Gökyüzünde dünyayı yaşarken sonsuz özgürlüğümle birlikte,
yaşamı arıyordum ne olduğunu bilemeden...
Bir su damlasıydım, güneşin ışıklarında renklerle oynayan,
karanlıklarda yıldızlarla konuşan...
Mutluydum rüzgarla birlikte maviliğe savrulurken,,
mutluydum kuşlarla kanat çırparken,,
mutluydum gökkuşağı olup renkleri saçarken Takılmışken
bir bulutun peşine, görürdüm yaşayanları yeryüzünde.
Hepsi zamanla koşar gibi, hep bir şeylerin peşinde...
Bazen bir kuşun kanadına karışır, uçardım onunla,
rüzgâra karşı çığlıklarla birlikte.
Yaşamı sorardım kuşlara, nedir diye?
Özgürlük derlerdi bana...
Göklerde özgürce kanat çırpabilmek, rüzgâra başkaldırmak.
Ama yağmur yağdığında özgürlükleri elinden alınır, ağırlaşan
kanatları daha fazla çırpınamazdı damlalar karşısında..
Sığınırken bir kaya kovuğuna, özgürlüklerini teslim ederlerdi yağmura,
sessizce...
Karıştım bir gün yağmur damlalarının arasına, gücü hissedebilmek için...
Toprağa karışmak istedim, çoğalmak istedim,azgın bir
nehir olup akmak istedim, deniz olmak istedim, yaşamı bulmak istedim,
yaşam olmak istedim...
Terk ettim gökyüzünü güneşe veda edemeden...
Altımda gittikçe büyüyen yeryüzü beni kendine doğru hızla çekerken
daha da büyüdüm,çoğaldım.
Koşmaya başladım bir an önce toprağa kavuşabilmek için.
Yaşamı hissedebilmek için... Yaşam olabilmek İçin...
Toprağa İlk dokunuş, ilk sarılış...
Sıcaktı toprak, gökyüzünün olamadığı kadar...

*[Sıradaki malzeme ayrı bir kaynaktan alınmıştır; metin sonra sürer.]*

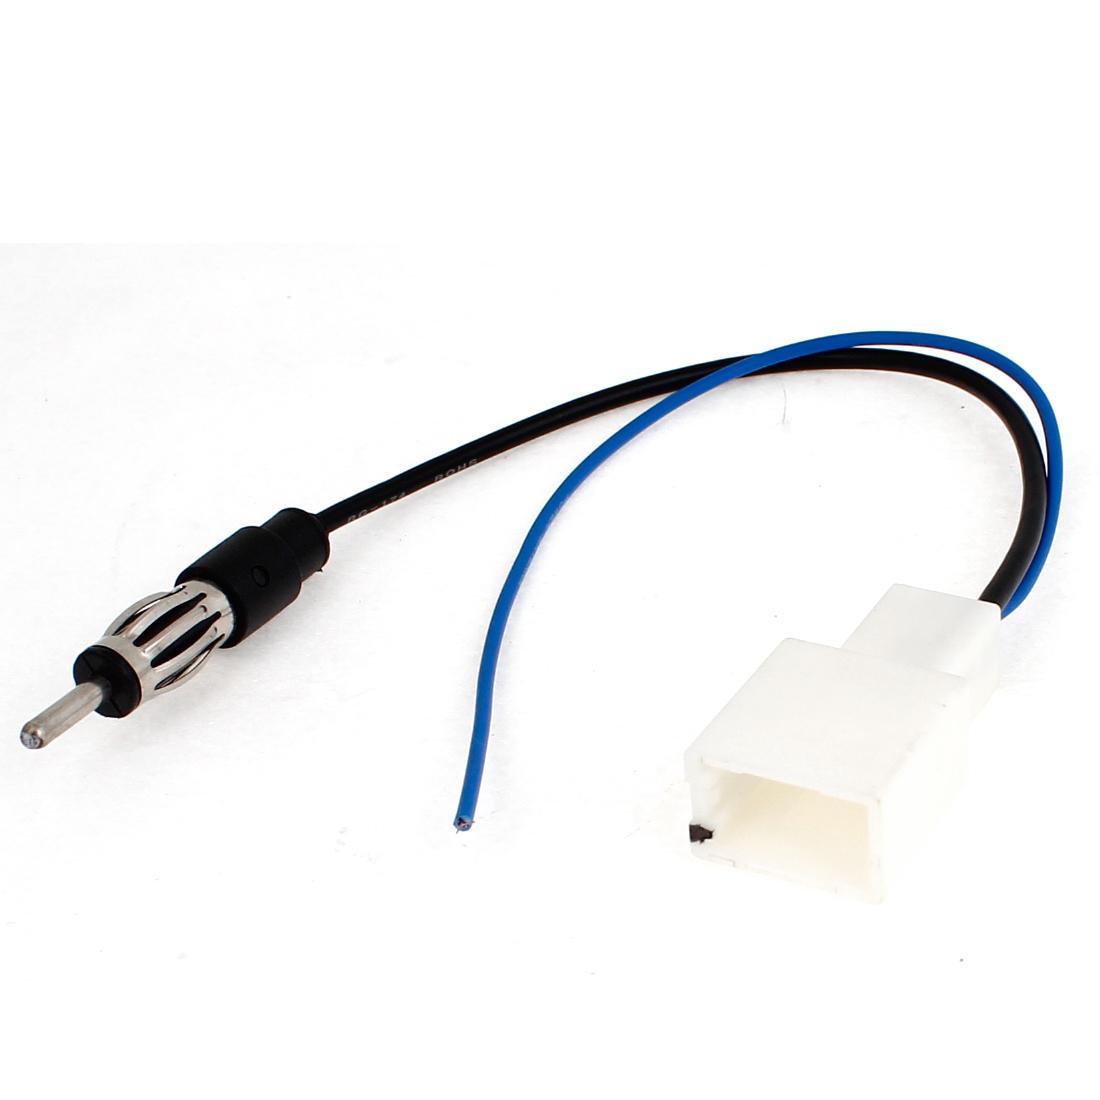 Unique Bargains Car Cd Radio Aerial Antenna Plug Repair Adapter

Beni sarmaladı şefkatle, beni içine aldı sevgiyle...
Sevdim onu...
Seviyorum dedim yaşamayı seninle birlikte...
Toprağın derinliklerinde,karanlık sıcaklıklarda güveni hissettim...

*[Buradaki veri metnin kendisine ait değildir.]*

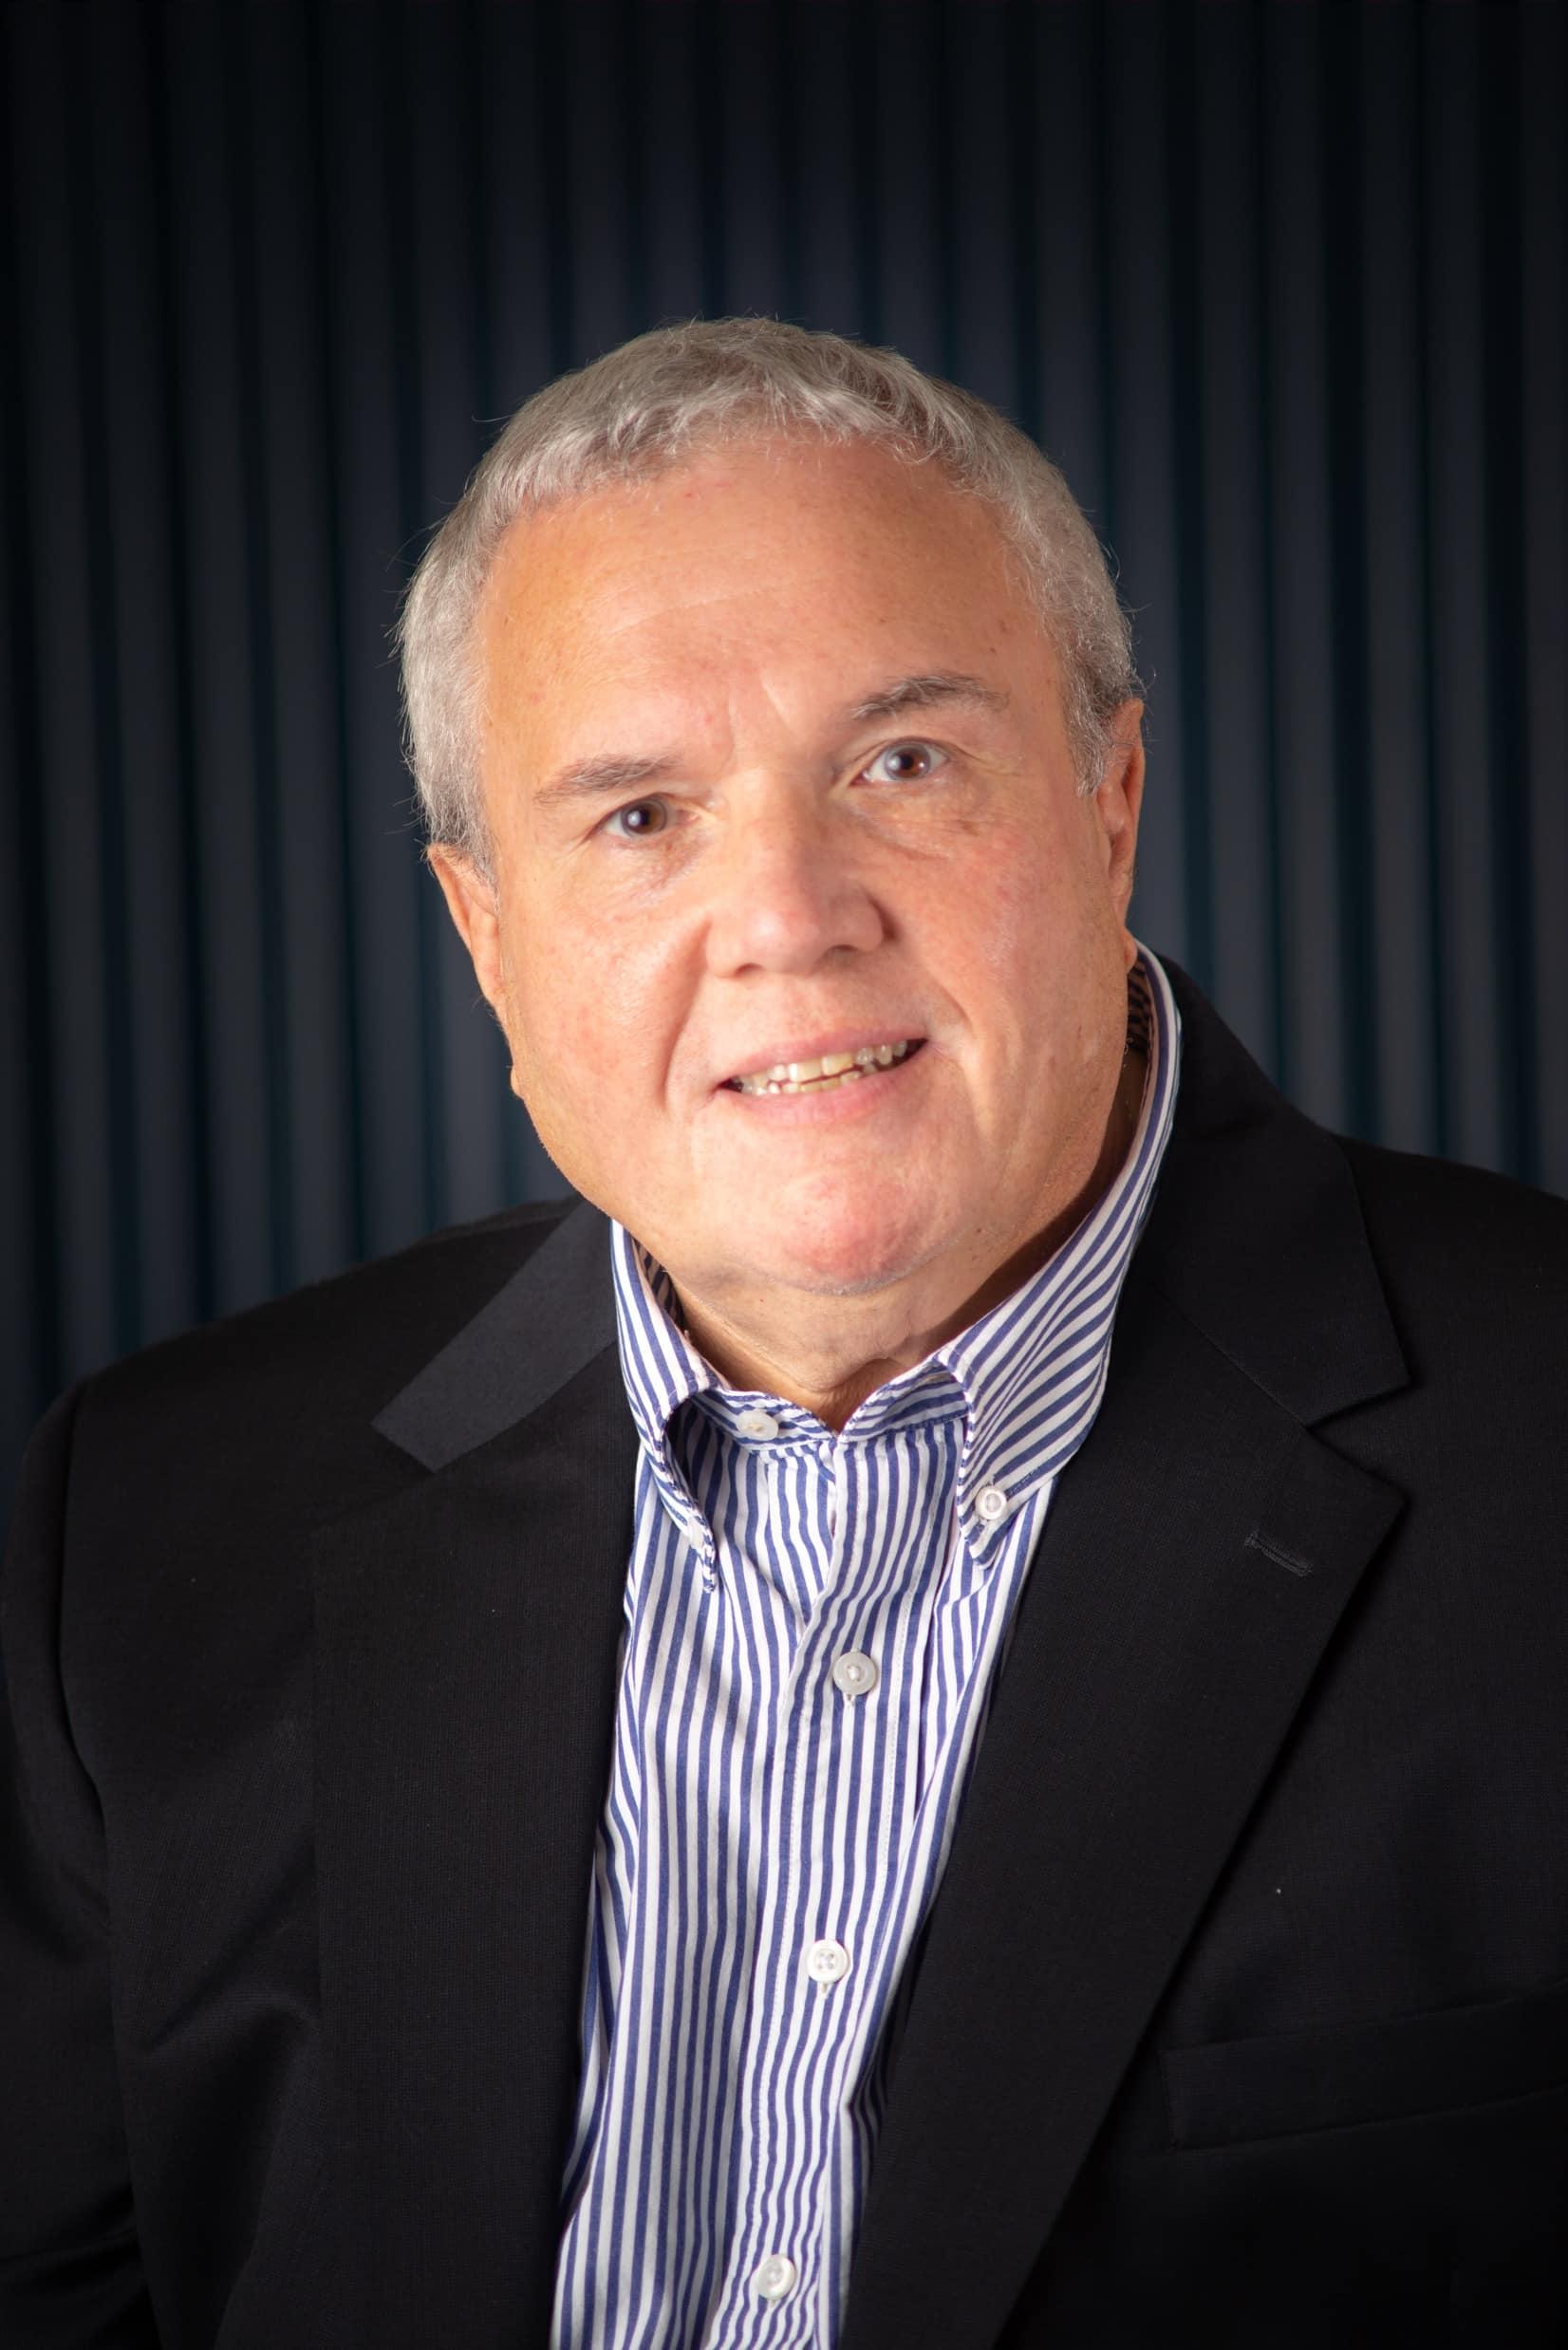 Jim Bendell

Zaman geçtikçe büyüdüm,çoğaldım...
Yerimde duramaz hale geldim...
Güneşi özledim...Yıldızlara merhaba demek istedim....
Terk ettim toprağı. Sıcaklığını, şefkatini.
Bir sabah çiçekler açarken gökyüzünü gördüm yeniden...
Öylesine mavi, öylesine sınırsız, öylesine özgür...
Aktım, gittikçe büyüyerek...
Beni sarmalayan toprağa dokunarak aktım...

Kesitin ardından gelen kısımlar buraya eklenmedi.